When a Chicago staffer asked Crowley if the HLC action to suspend accreditation was “political,” Crowley offered a broader response about perceived foes: “My answer is yes. we’re still trying to shake off the ‘for-profit.’ There were 22 senators who said this deal shouldn’t happen. There are 48 AGs [state attorneys general] that make us say things on the phone right now that are ridiculous. There were 2500 calling rules; so we couldn’t call students after three o’clock….and then EDMC was trying to get rid of the company so they didn’t fix anything. They kept building on crap… It’s all unraveling, and we just have to take it apart.”

Crowley further complained that DCEH schools are under the expensive watch of a legal monitor, resulting from EDMC’s $200 million settlement of recruiting fraud charges pursued by the U.S. Justice Department and state attorneys general. “We have to pay a guy a million dollars a year because he reports to the AG,” he said. “This whole compliance thing is out of hand.”

Crowley, although now at the helm of at least a nominally non-profit school, then slipped into a familiar for-profit college industry rap about how the sector is unfairly maligned: “There are for-profit schools in this country that are great… but we have this stigma about them. Has anybody ever looked at state colleges and how they spend money and fly around in private jets? We don’t do that. We try to run it as efficiently as possible.”
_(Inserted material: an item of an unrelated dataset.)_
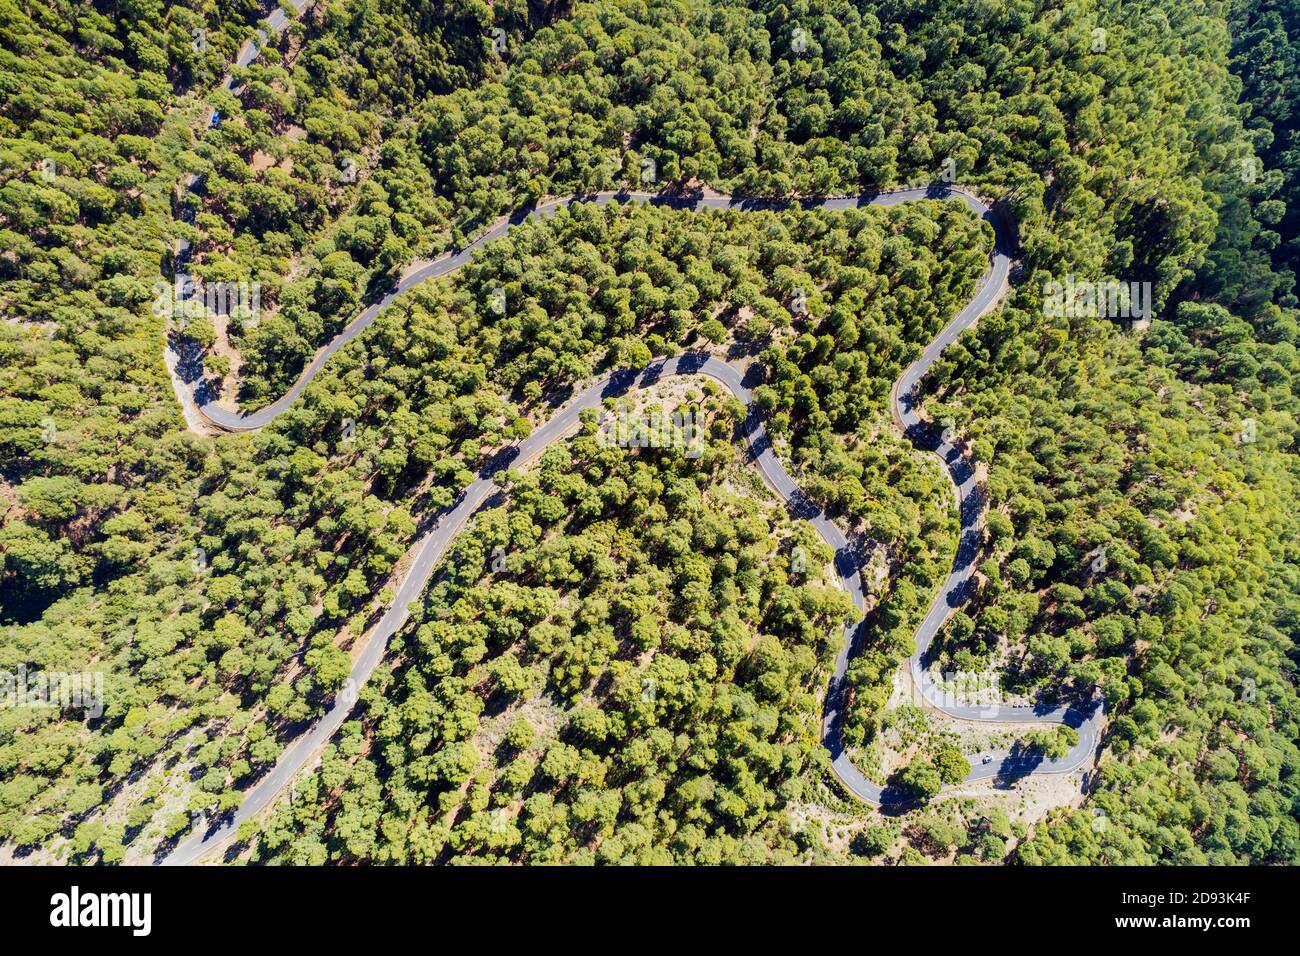 L'Europe, Espagne, Canaries, La Palma, site de la biosphère de l'Unesco, vue aérienne d'une route de montagne sinueuse Banque D'Images

“Today,” Crowley said, returning to the matter of HLC accreditation, “we’re on probation status; it could end tomorrow. Or they could leave us on there because they think that Trump’s gonna lose, or whatever.” He seemed to be nodding to the DeVos/Trump reversal of Obama-era efforts to hold bad-acting colleges accountable — DeVos has essentially turned over policy to the for-profit college industry — and the possibility that a new president could reverse policy in favor of students and taxpayers once again in 2021.

But Crowley said DCEH was reluctant to sue HLC because that “creates another problem … we want to work with them.”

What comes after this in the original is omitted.